"IBM and Cerner are helping hospitals break the spiral of escalating cost, preventable medical errors and inefficient operations", stated Russell Ricci, MD and general manager, IBM Global Healthcare. "This alliance will create the only end-to-end solution which is built on a common architecture. This will enable health care delivery in the United States and other countries to become more efficient and improve the quality and speed of consumer health care."
Patrick O'Hare, chief information officer for Spectrum Health, a large health care provider serving 13 counties in western Michigan, added: "Spectrum is focused on getting the most benefit for its technology investments. We could not ask for better partners in this area than IBM and Cerner. We are expecting even better performance and operational efficiencies from this alliance." The agreement will wrap IBM's worldwide e-business technology, marketing and sales capabilities around Cerner Millennium, the company's clinical, management and knowledge software application systems.
Under the agreement, the Cerner applications will be fully optimised and integrated with the IBM server, storage and infrastructure software. This will enable more information to be given to clinicians faster and with more accuracy. Such an end-to-end solution will also help drive down the complexity, initial cost and daily operating expenses, which are key issues for the health care organisations. With the IBM/Cerner solutions, health care institutions will no longer have to cobble together piece parts from different hardware and software suppliers to try and automate their operations.
The integrated Cerner and IBM offerings also will help the health care industry minimise medical errors, which are estimated to cause thousands of patient deaths or injuries each year. For example, electronic-based medical records will be available any time to any appropriate hospital department, unlike paper-based records that may be unavailable, lost or misread.

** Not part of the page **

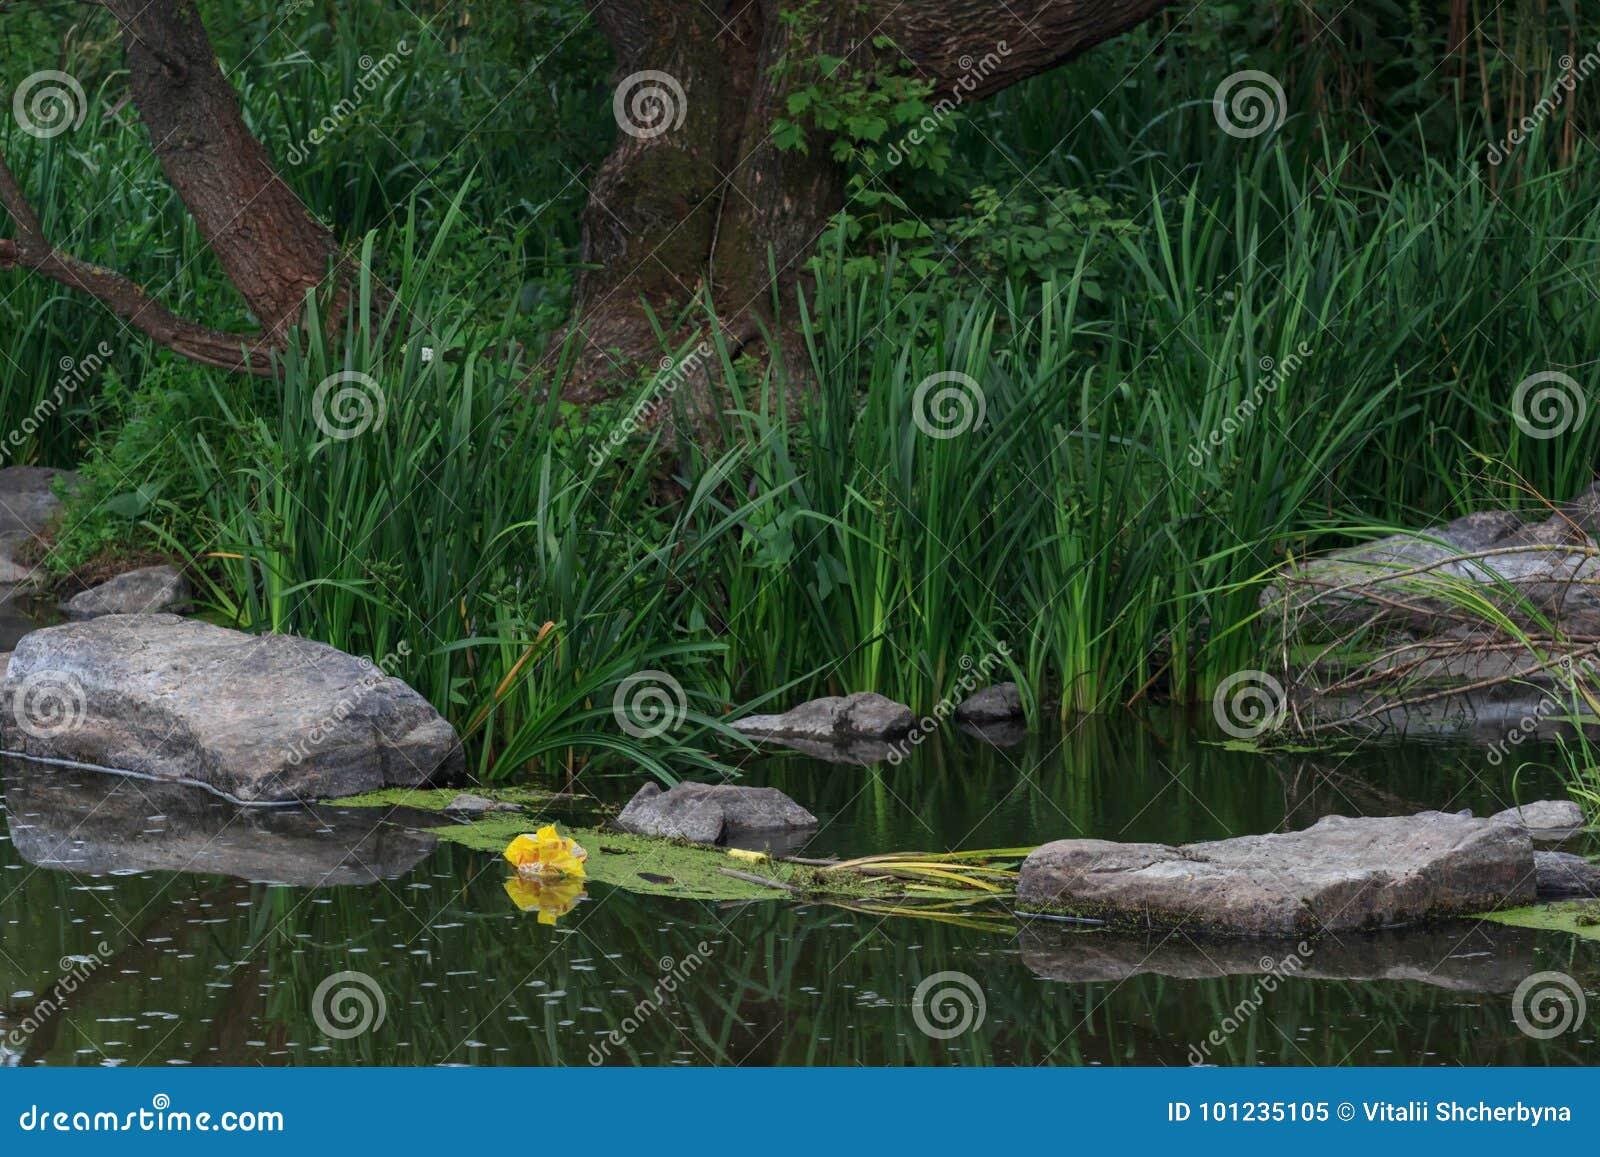 Recursos hídricos que é poluído com vários lixo e lixo, rios poluídos

A recent Institute of Medicine report states that considerably wider use of information technology must play a central role in fixing what is now a "disjointed and inefficient health care system" in the United States. A Rand Corporation study confirmed that assessment, adding that the United States ranks a mere 37th position in the world in overall health system performance. Inefficiency and excessive costs are serious problems facing health care institutions in many other countries as well.

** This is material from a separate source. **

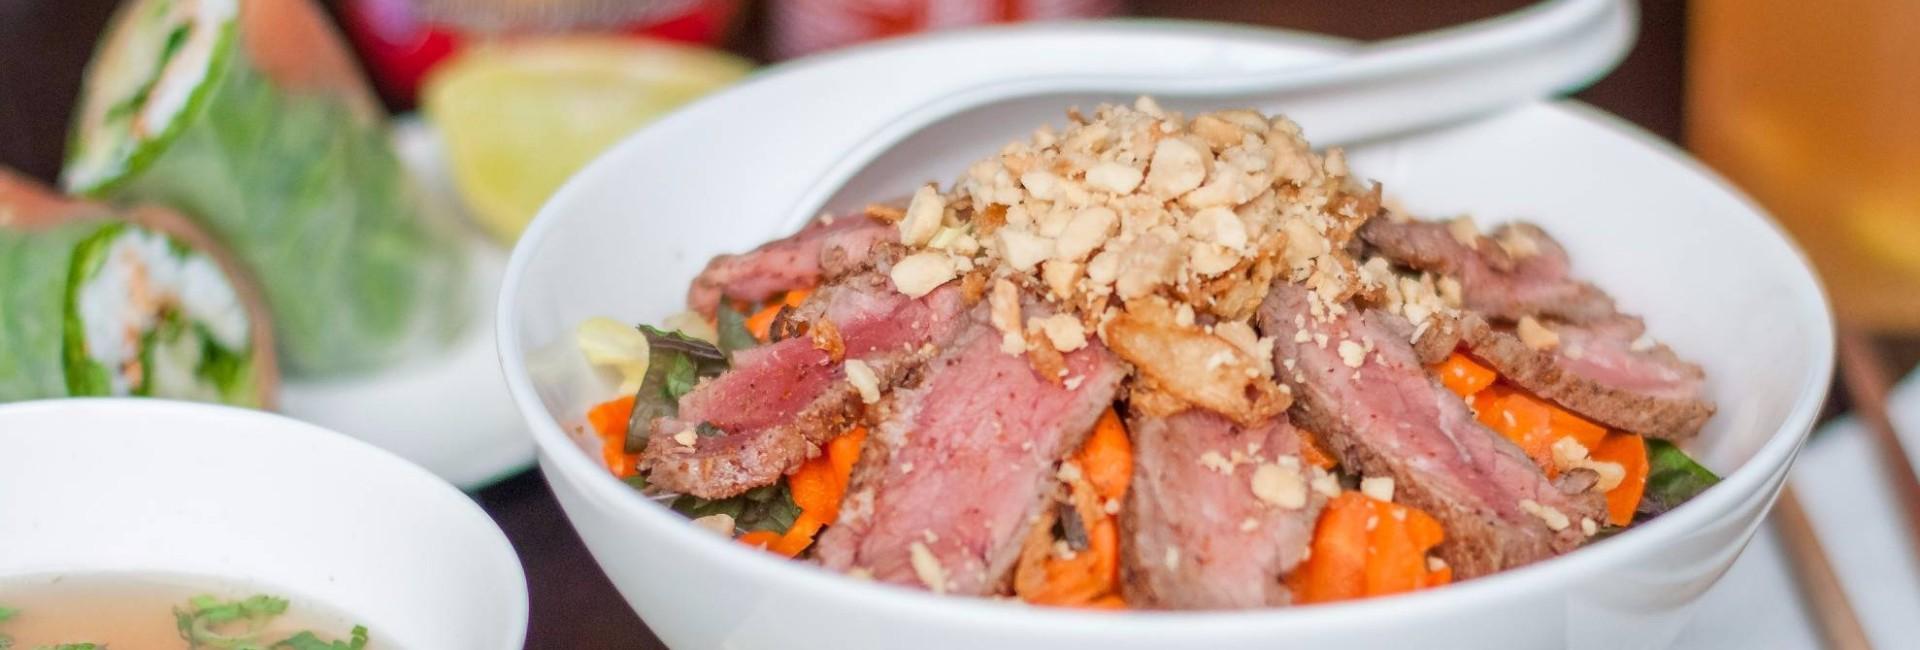 06 meilleurs restaurants vietnamiens à Bruxelles

Globally, more than 1500 hospitals and other health care providers already use Cerner software to collect, disseminate and manage patient data across the continuum of care to pharmacies, insurance companies and even to the home with the highest level of security and privacy. IBM will use its worldwide marketing and sales force to recommend and promote the more than 46 integrated software solutions which are part of Cerner Millennium. With Millennium, clinical data can be aligned with hospital financial and operational data to automate and streamline inefficient business practices.

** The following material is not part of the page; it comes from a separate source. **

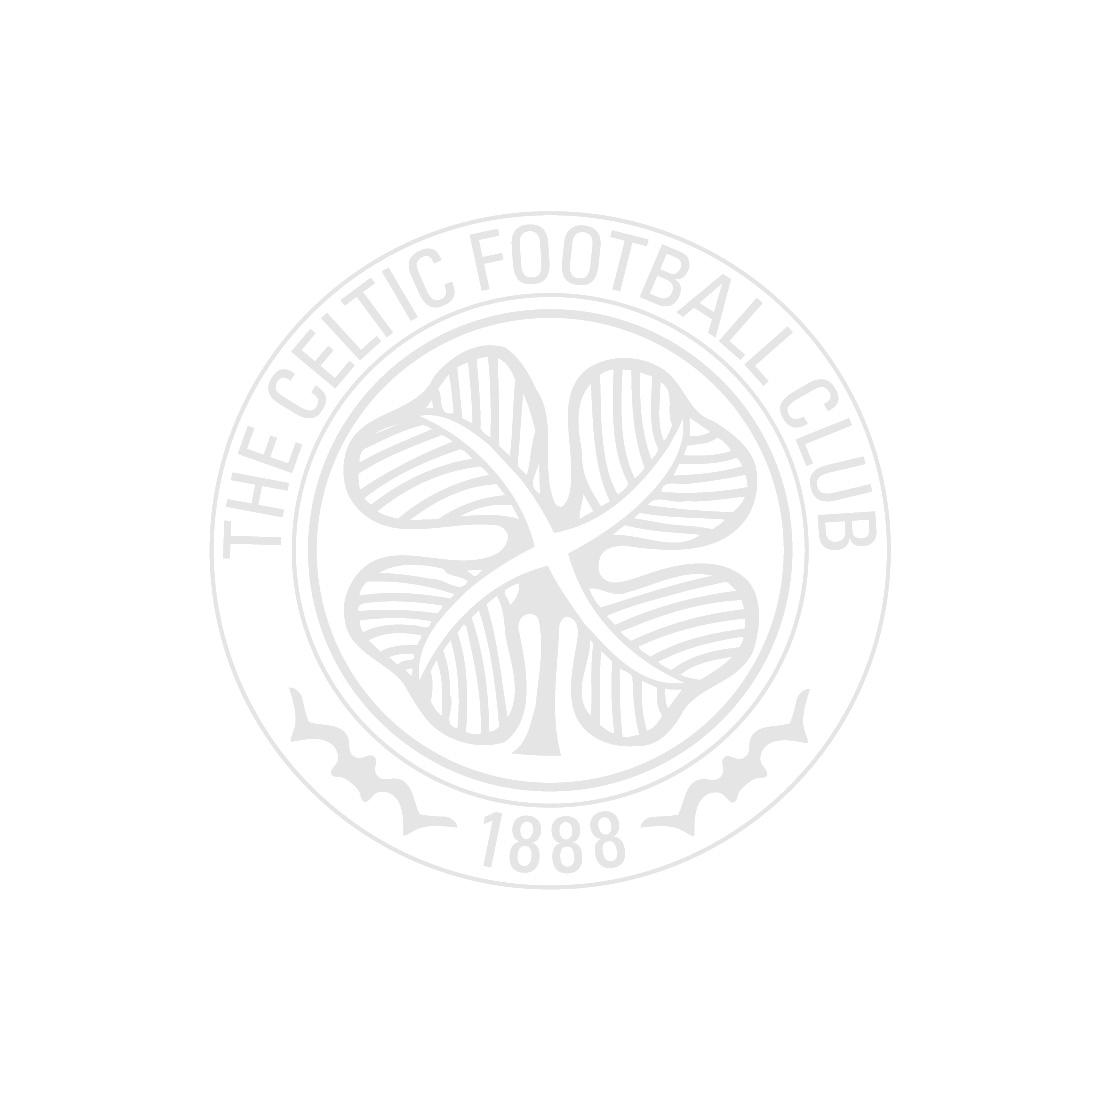 Celtic Melange Shield Chest Badge T-shirt

For its part, Cerner will recommend and promote IBM to its customers as a provider of eServer computers, storage area networks and middleware. Cerner will include IBM's framework for e-business as part of its software development strategy and migrate its application software portfolio to it. Future Cerner development work will be integrated with IBM WebSphere, MQ Series, DB2 Universal database, and other IBM standards-based solutions.
The two companies will co-ordinate and conduct global marketing and sales efforts to health care organisations in the Americas and Europe, as well as Asian markets. The IBM/Cerner alliance is another example of IBM's commitment to go-to-market with independent software vendors through the PartnerWorld for Developers programme.